This school‐based field study employed a pragmatic feasibility approach, in which recruitment focused on schools and classes willing to participate. Once a class consented, all children within that class were invited to participate, and only those providing informed consent were definitively included, allowing for a cluster‐based inclusion strategy. Sample size was therefore determined by class participation and individual consent rather than a priori power calculations, reflecting real‐world feasibility constraints in implementing school‐based interventions.
Interaction effects with confidence intervals (CIs) were reported for the raw data, Cohen's d, and percentage differences. Statistical significance was set at p < 0.05. Cohen's d was interpreted as small (d = 0.20–0.49), moderate (d = 0.50–0.79), and large (d > 0.80) [38]. It is important to note that for outcomes where a reduction indicates improvement, such as sprint time and reaction times in the Flanker task, the direction of change was inverted (i.e., multiplied by −1) during analysis. This adjustment was made to ensure that all positive effects consistently reflected performance improvements across outcomes.
Results
3
A total of 94 children were assigned to either the IG or CG. After the seven‐week intervention, 76 children (81.7% from baseline) participated in the post‐test. Dropouts resulted from injuries unrelated to the study (2 children), missing pre‐ or post‐test data (8 children), or insufficient training attendance (6 children). No adverse events related to the kettlebell training were reported. A maximum of 35 sessions could be conducted per class, but in two classes, scheduling conflicts reduced this to 33 sessions. Children were included in the analysis if they attended ≥ 80% of sessions. Mean attendance among the remaining participants was 91% (SD 5.5%). Baseline characteristics did not differ between groups and are presented in Table 1. Attrition analysis (not shown) revealed no meaningful differences between completers and dropouts regarding age, sex, or baseline motor performance. Of the 78 remaining participants, 47 (60.5%) were in the IG and 31 (39.5%) in the CG, yielding an IG:CG ratio of approximately 3:2. The training adherence in the IG group was 91% ± 5.5%.

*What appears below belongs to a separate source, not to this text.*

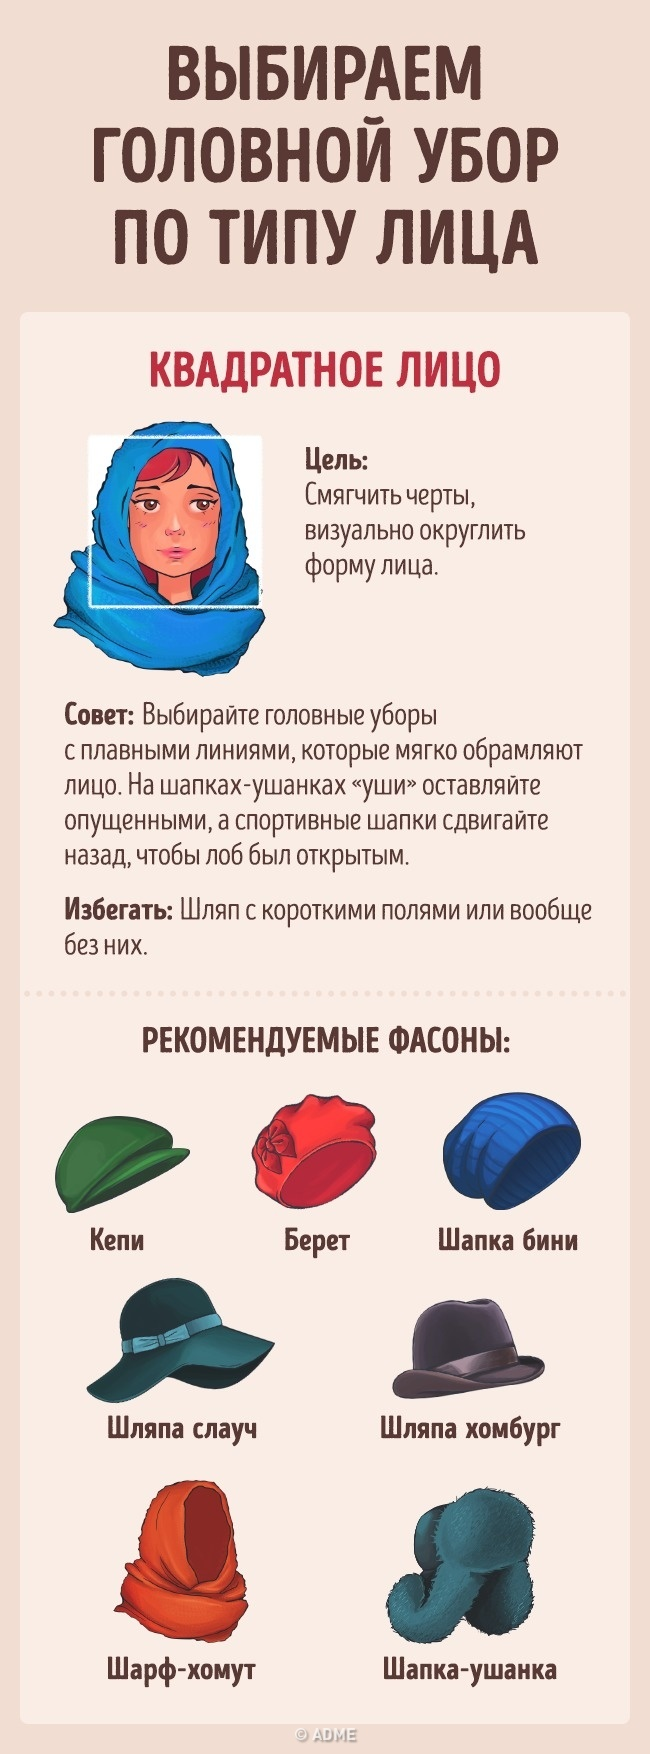 Как выбрать головной убор всоответствии стипом лица (5 фото)

Table 2 presents descriptive statistics (mean ± SD) for all outcome measures, while Table 3 summarizes the mixed model analysis, including raw data, p‐values, Cohen's d, and percentage changes, all presented in favor of the IG. A statistically significant effect was found for the sprint test (p = 0.01, d = 0.46, 95% CI [0.20–0.73]; Δ = +3.6%, 95% CI [1.5–5.6]). Non‐significant but small effect sizes with positive percentage changes were found for mid‐thigh pull (p = 0.136, d = 0.28 [−0.08 to 0.64]; Δ = +5.5% [−1.7 to 12.6]), eye–hand coordination (p = 0.25, d = 0.15 [−0.11 to 0.42], Δ = +8.0% [−5.7 to 21.8]), and the side hop (p = 0.48, d = 0.15 [−0.26 to 0.56], Δ = +4.4% [−7.6 to 16.4]). Given the wide CIs and non‐significant p‐values, these findings should be interpreted cautiously and cannot be considered indicative of a definitive intervention effect. Other motor performance outcomes showed negligible effects.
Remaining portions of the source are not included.